Using Frobenius Reciprocity, derive the character table of S_n from that of A_n when

(a) n = 3

(b) n = 4

(c) n = 5

Printable View

- Dec 15th 2009, 03:14 PMakc2010characters of S_n from A_n
Using Frobenius Reciprocity, derive the character table of S_n from that of A_n when

(a) n = 3

(b) n = 4

(c) n = 5 - Dec 15th 2009, 10:10 PMaliceinwonderland
This is for n=5.

The character table for S_5 is

$\displaystyle \begin{matrix}

\text{size}&1 & 10 & 20 & 30 &24 & 15 &20\\

&1 & (12) & (123) & (1234) & (12345) &(12)(34) & (12)(345)\\

U & 1 & 1 & 1 & 1 & 1 &1 &1\\

U' & 1 & -1 & 1 & -1 & 1 & 1 & -1\\

V & 4 & 2 & 1 & 0 & -1 & 0 &-1\\

V' & 4 & -2 & 1 & 0 & -1 & 0 & 1 \\

\wedge^2V & 6 & 0 & 0 & 0 & 1 & -2 &0 \\

W & 5 & 1 & -1 & -1 & 0 & 1&1\\

W' & 5 & -1 & -1 & 1 &0 &1 & -1 \\

\end{matrix}$

The character table for A_5 is here.

I followed the notations of the book, Fulton's "Representation Theory : A first course".
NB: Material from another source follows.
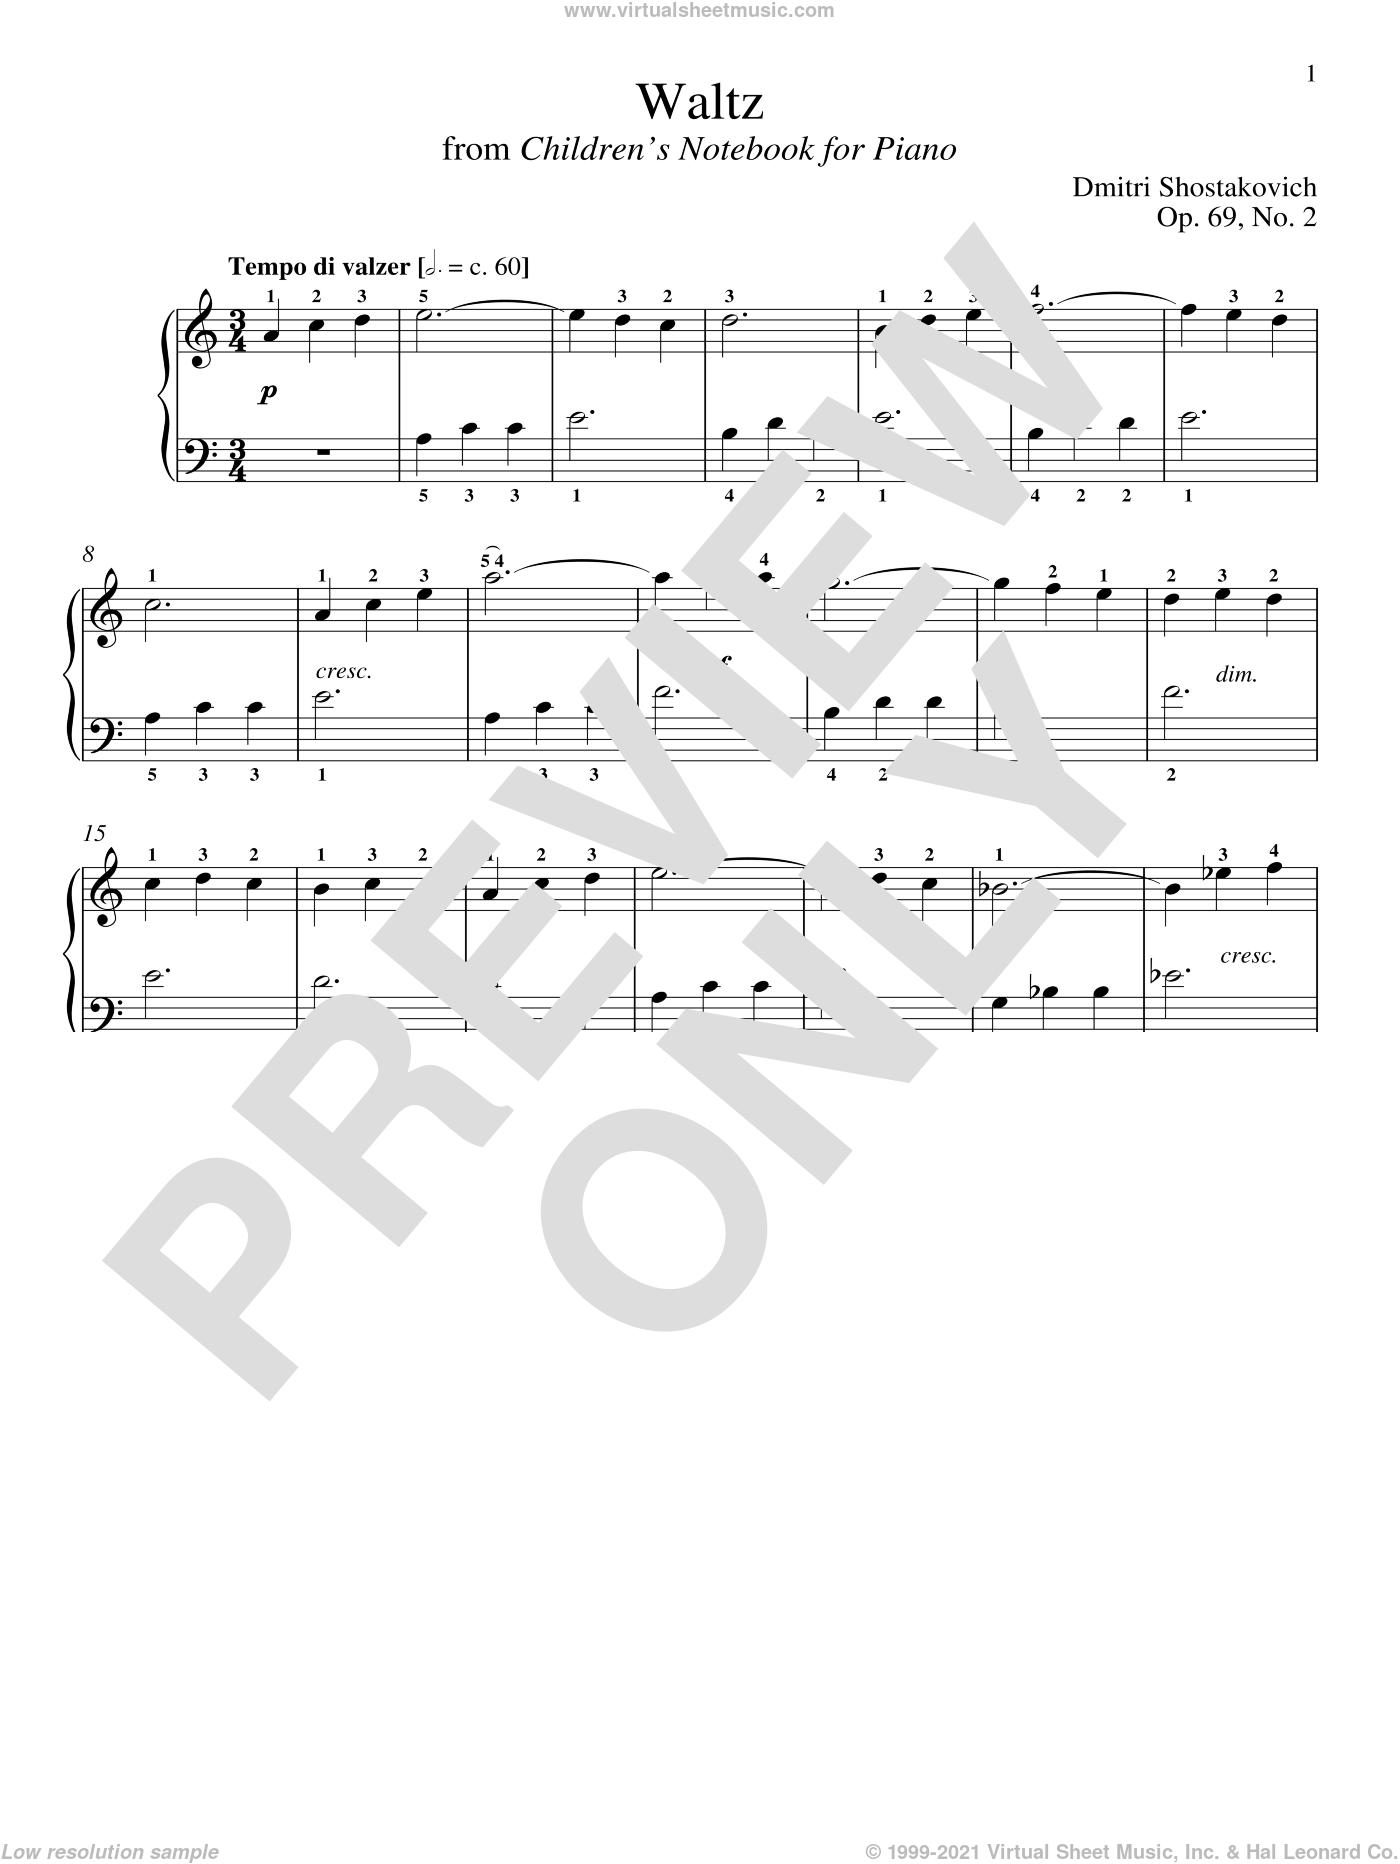 Waltz, Op. 69, No. 2 sheet music for piano solo by Dmitri Shostakovich and Richard Walters, classical score, intermediate skill level
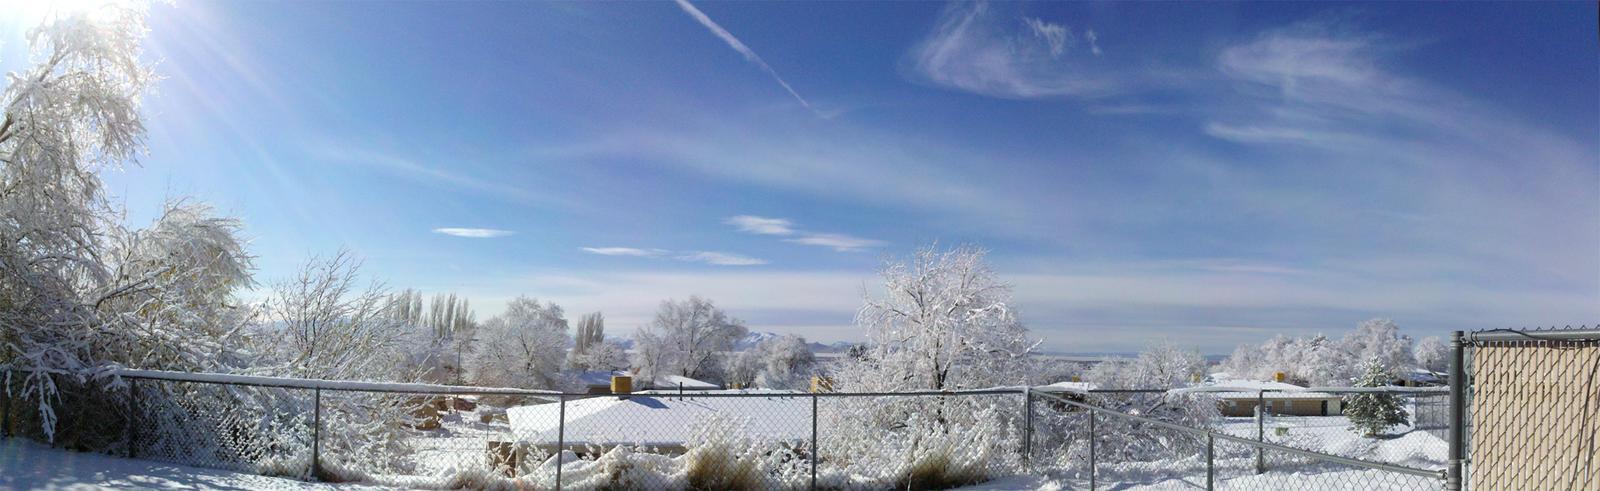 Winter by esjay1986

Note that the conjugacy class (12345) in S_5 with size 24 splits into two conjugacy classes (12345) and (21345) in A_5 with size 12, respectively. Note also that the conjugacy classes (12), (1234) and (12)(345) are not available in A_5.

Let H=A_5 and G=S_5. Then, by using Frobenius's reciprocity

Res U = U, Res U' = U, Ind U = U $\displaystyle \oplus$ U',

Res V = V, Res V' = V, Ind V = V $\displaystyle \oplus$ V',

Res W = W, Res W' = W, Ind W = W $\displaystyle \oplus$ W', and

Res $\displaystyle \wedge^2V$ = Y $\displaystyle \oplus$ Z, Ind Y = Ind Z = $\displaystyle \wedge^2V$.

The last line is obtained by using the lemma,

$\displaystyle \chi^G(g) = \sum_{i=1}^s|G:H|\frac{k_i}{l}\chi(h_i)$,

where $\displaystyle l$ is the order of the conjugacy class in G of g,

$\displaystyle h_1, h_2, \cdots, h_s$ are representatives of s conjugacy classes of H,

$\displaystyle k_1, k_2, \cdots , k_s$ be the orders of these classes.